Marvel’s Spider-Man não se faz só de personagens humanas. A cidade de Nova Iorque é uma personagem por si só e a sua apresentação ajuda a criar a atmosfera do jogo e a conciliar quase todos os aspetos visuais.

Apesar de não existirem ciclos de dia e noite ou alterações atmosféricas em tempo real (estando tudo isto diretamente ligado aos diferentes pontos da história), Nova Iorque apresenta-se com uma vida própria. Não é apenas um mapa para percorrer ruas ao ir de ponto A ao ponto B como na maioria dos jogos; é um mapa com verticalidade, com altura, com verdadeiros arranha-céus.

Com uma dimensão incrível, esta versão digital da Ilha de Manhattan é capaz de enganar quem nunca a visitou ou não conhece, fazendo-nos acreditar que é uma reprodução à escala 1:1 da cidade real.

Dividida por diferentes distritos, todos eles têm uma atmosfera própria, com diferentes tipos de arquitetura e marcos de referência bastante reconhecidos. É fácil perdermo-nos no detalhe e na quantidade de detalhe existente em cada edifício que parece mesmo único.

Claro que a navegação pela cidade num jogo destes não é feita por transporte (ainda que seja possível levar o Homem-Aranha até ao metro para viagens rápidas entre pontos), mas sim com o recurso às teias do nosso herói.

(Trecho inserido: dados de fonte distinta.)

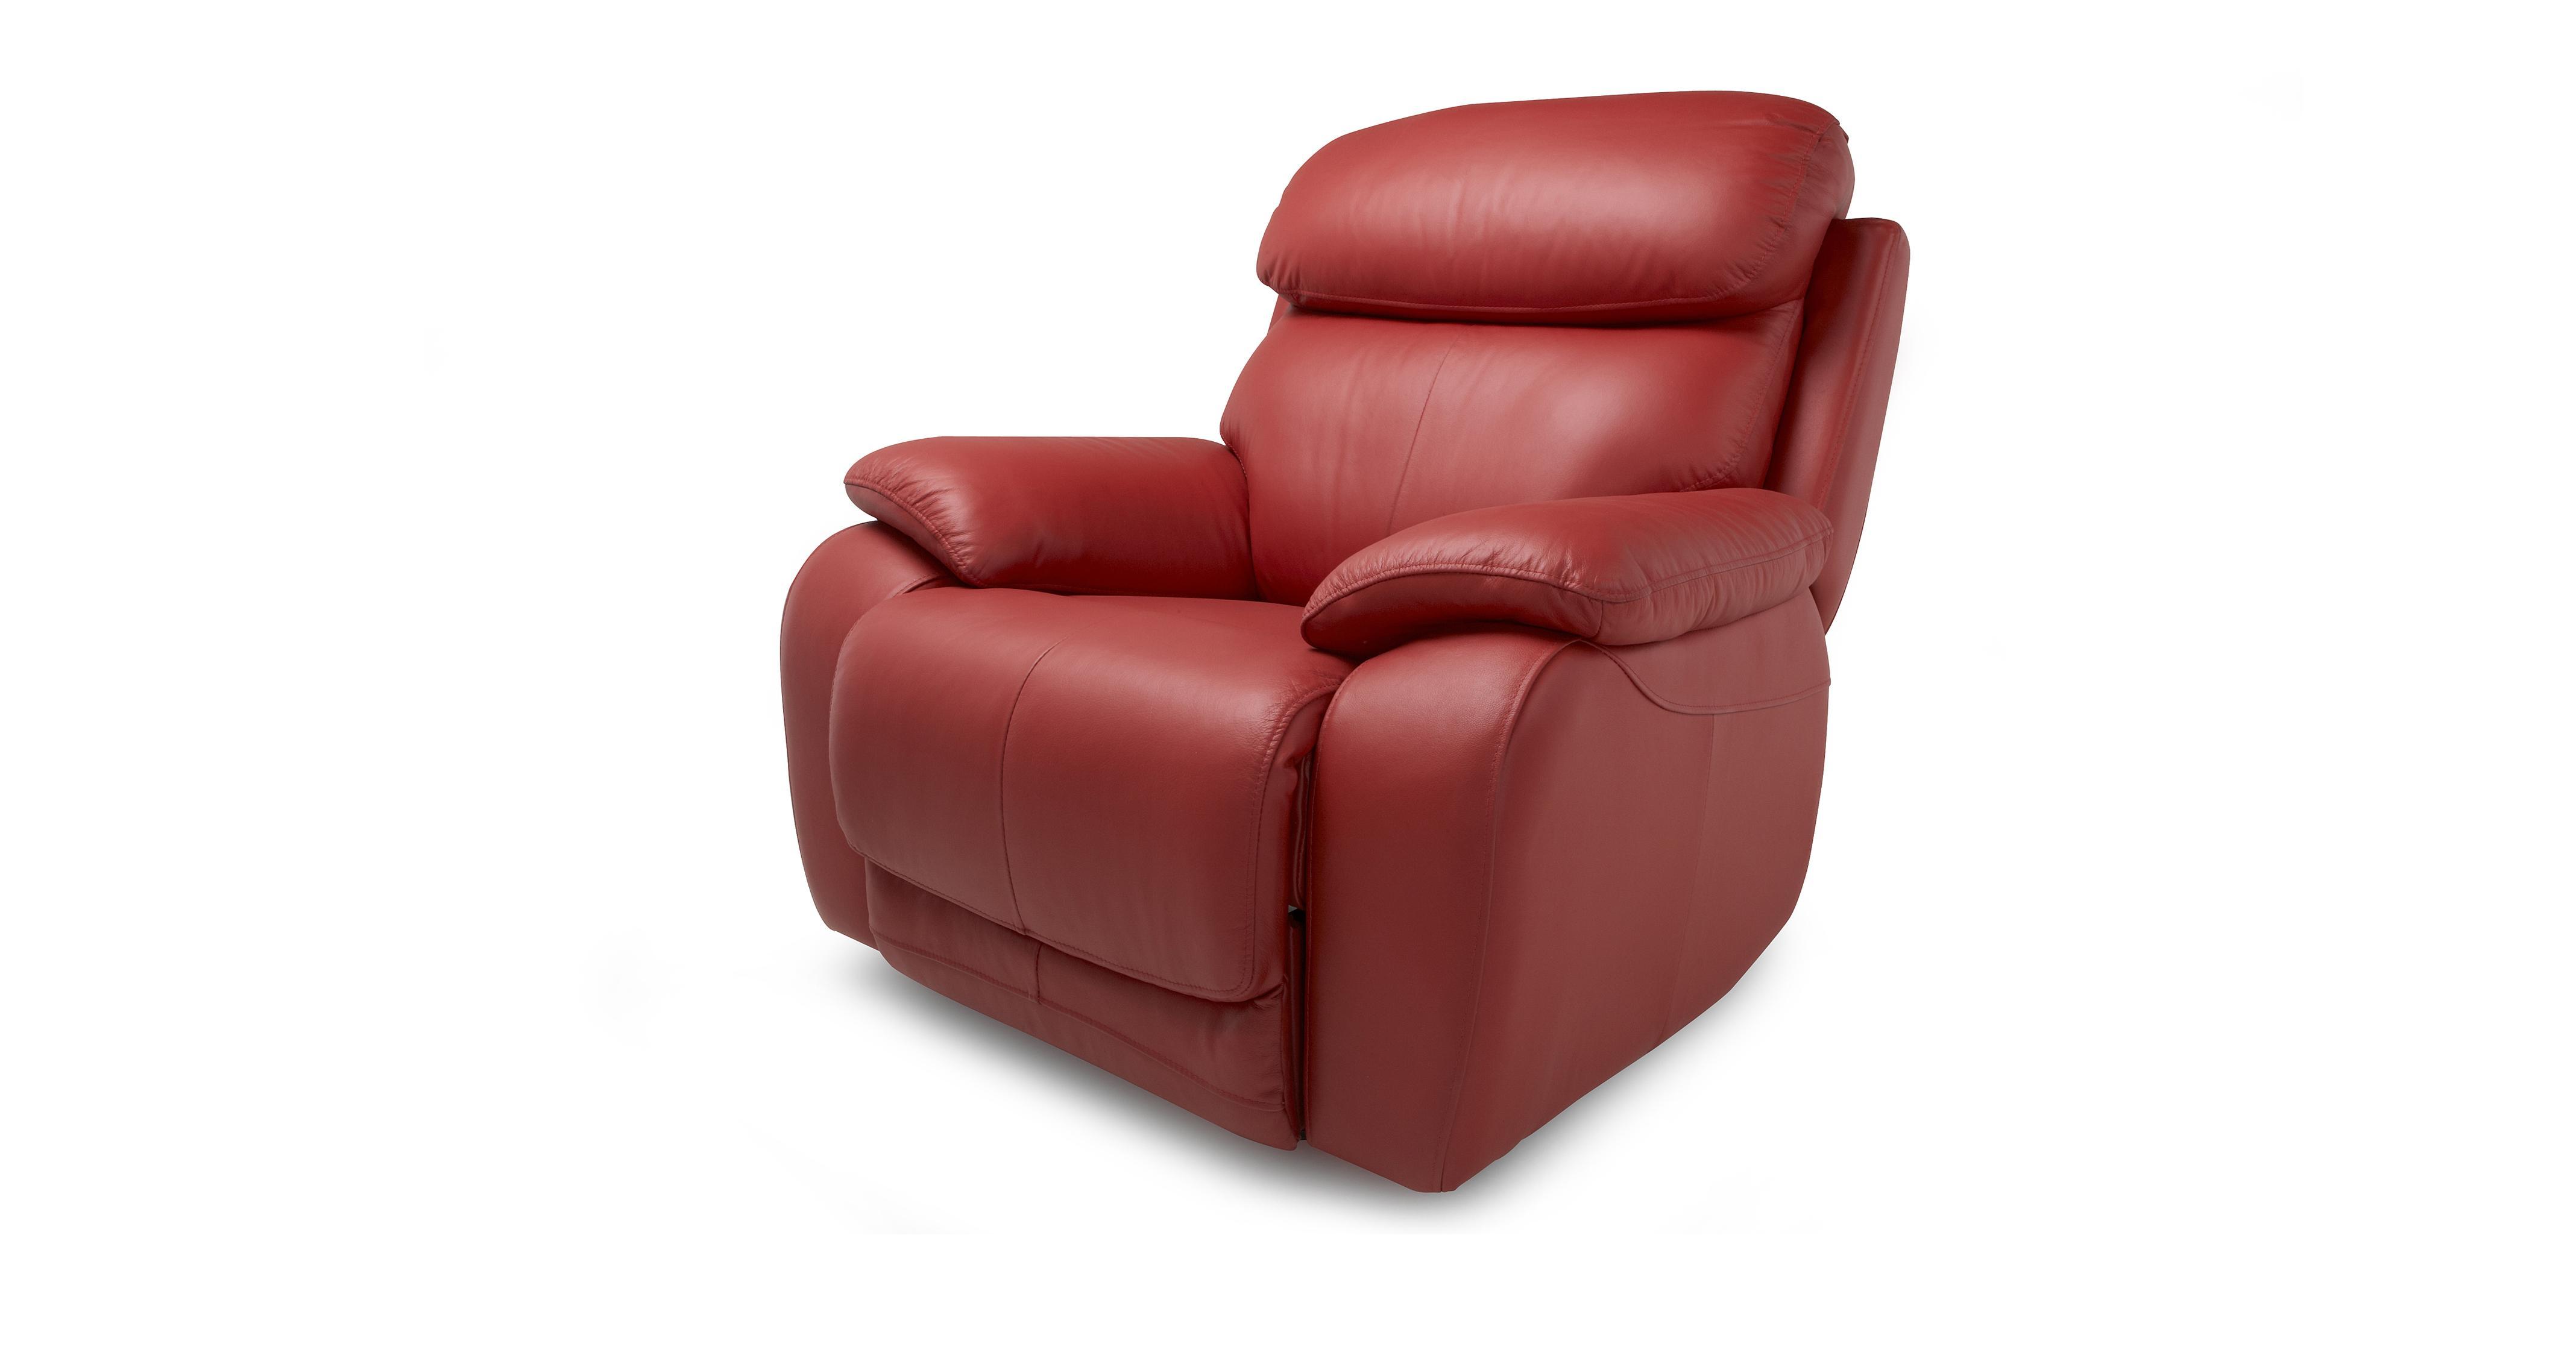 Incredible Daytona Manual Recliner Chair Alphanode Cool Chair Designs And Ideas Alphanodeonline

A jogabilidade de Marvel’s Spider-Man é simplesmente deliciosa. É muito fácil de se jogar e torna-se extremamente viciante quando temos a personagem com algumas habilidades que permitem uma fluidez de controlo maior.

Fluidez é mesmo a palavra-chave. Os controlos em conjunto com as fantásticas animações tornam os momentos de navegação, ação ou perseguição em autênticos bailados. Não há nada mais satisfatório do que balançar entre arranha-céus num final de tarde com a excelente banda sonora de fundo que lembra a banda sonora da trilogia de Spider-Man de Sam Raimi.

Da mesma forma que a atualização das habilidades ajuda a mestria da navegação, também no combate se faz sentir. E muito. Ao nosso dispor vamos ter três árvores de habilidades que temos que ir desbloqueando à medida que avançamos na história, onde podemos escolher que tipo de jogabilidade é que queremos dar uso, seja ataque, defesa ou técnica.

Juntamente com os gadgets e poderes associados aos diferentes fatos (que são muitos e que também vamos desbloqueando ao longo do jogo), o nosso Homem-Aranha não só fica mais forte, como passa a ser possível optar por diferentes estratégias de abordar as situações, como entrar a matar ou ser mais furtivo. Porém, é em confrontos com os vilões que tudo isto é posto à prova, permitindo ao jogador o uso de todas as armas ao seu dispor para superar esses desafios.

Um aspeto bastante positivo no que toca a estas habilidades é que Marvel’s Spider-Man permite trocar entres diferentes poderes especiais de outros fatos com o favorito, deixando que o jogador não fique preso a um fato que não goste devido a uma habilidade que lhe possa ser mais útil.

A jogabilidade é diversa e raramente cansa, uma vez que a abordagem a diferentes situações requer um estilo de combate quase sempre diferente, e os objetivos a cumprir em cada confronto adicionam uma nova camada de complexidade, de ritmo e de destreza.

À nossa escolha vamos ter ainda três níveis de dificuldade que podem ser alterados durante o jogo. São elas “Friendly”, “Amazing” e “Spectacular”, ou Fácil, Médio e Difícil, respetivamente. A grande diferença entre elas está nas janelas de tempos de reação do “Spider-sense” e na quantidade de dano que levamos.

Não há necessariamente uma razão para colocar no modo “Spectacular” a não ser a adrenalina de ter a fasquia mais elevada durante um combate, sentimento que vai desaparecendo ao longo do progresso do jogo e que torna tudo mais difícil apenas nos grandes confrontos principais.

Marvel’s Spider-Man faz-se acompanhar por uma bela banda sonora de John Paesano que tira imensas notas aos temas de Danny Elfman nos primeiros filmes de Spider-Man. O tema principal deste jogo, em particular, é bombástico, heróico, místico e torna os momentos mais emocionantes em algo maior que a vida.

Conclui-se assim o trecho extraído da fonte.